“None of your business!” replied Jimmie.
“I’ve been out there once to-night!” said the cabman, “and the party I drew beat me out of my fare.”
“That’s got nothing to do with us!” replied Carl.
“It’ll cost you ten dollars!” growled the cabman.
“Say, look here!” Jimmie exclaimed. “You’re a bigger robber than the New York cabmen! It’s only a mile to the field, and we’ll walk just to show you that we don’t have to use your rickety old cab.”
With a snarl and a frown the cabman climbed back up on his seat and gave every appearance of dropping into sound slumber.
“Now what do you think of that for a thief?” asked Carl, as the boys hastened away toward the field. “I’d walk ten miles before I’d give that fellow a quarter!”

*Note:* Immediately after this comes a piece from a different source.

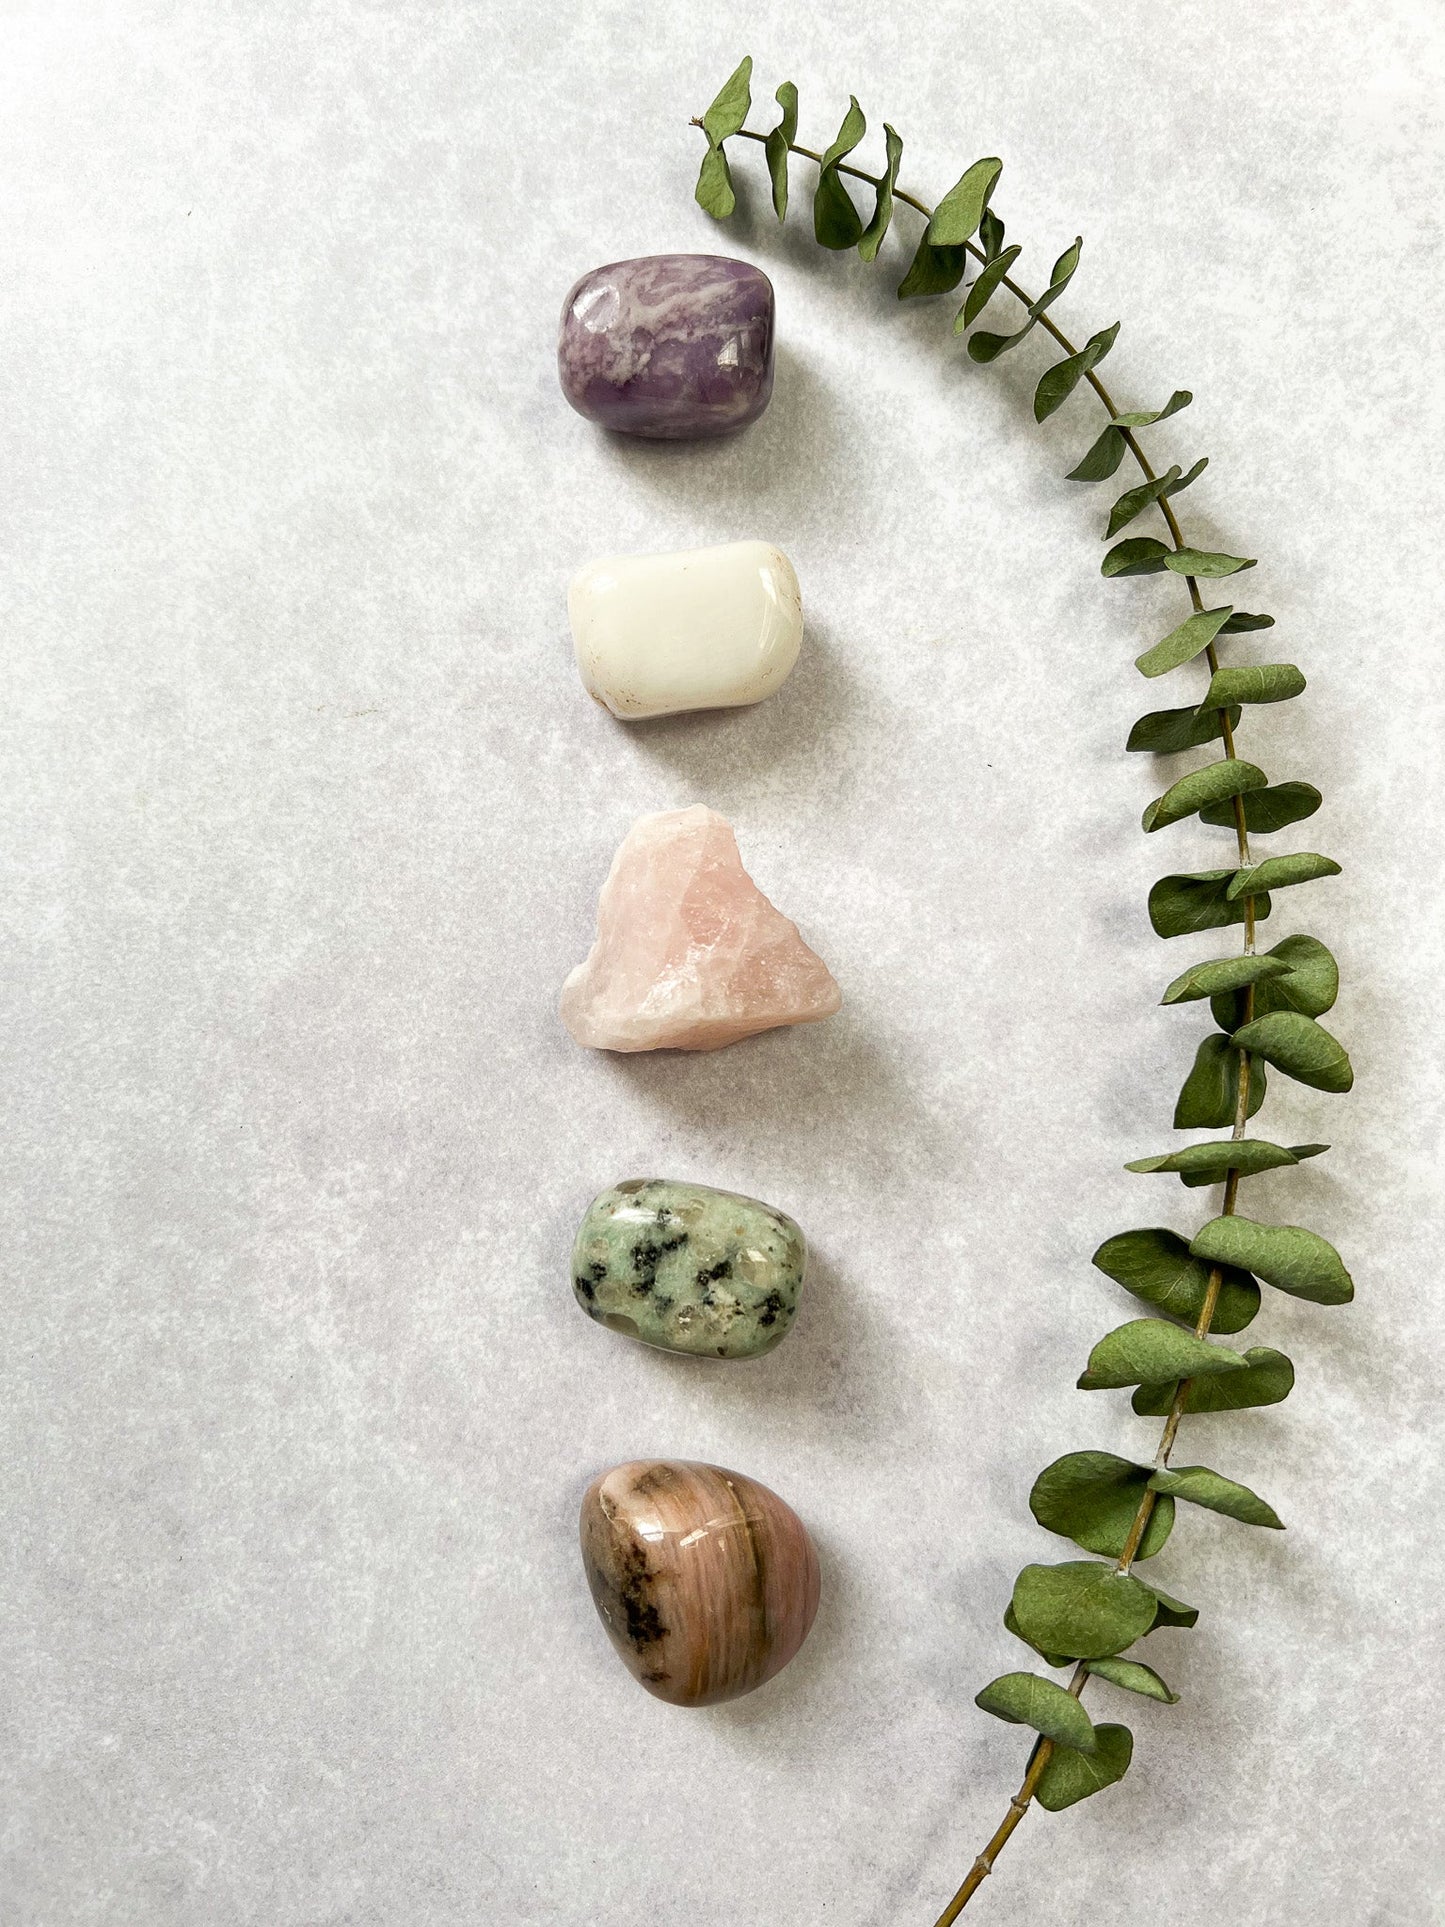 Stones of the Heart - Love Crystals - Stones of Love - Rose Quartz - Kiwi Jasper - Lepidolite - Snow Quartz - Rhodonite - Delicata House Crystals Set

“We’ve got plenty of time,” Jimmie answered. “The moon won’t be up for an hour yet. Perhaps we’d better walk up anyway, for then we can enter the field quietly and see what’s going on.”
On the way out the lads met several parties returning from the field, and when they reached the opening in the fence they saw that many curious persons were still present. There were at least half a dozen vehicles of different kinds gathered close about the roped-off circle.
“Say,” Carl exclaimed as the boys passed into the field, “look at that old rattletrap on the right. Isn’t that the same vehicle the cabman pretended to go asleep on as we came away?”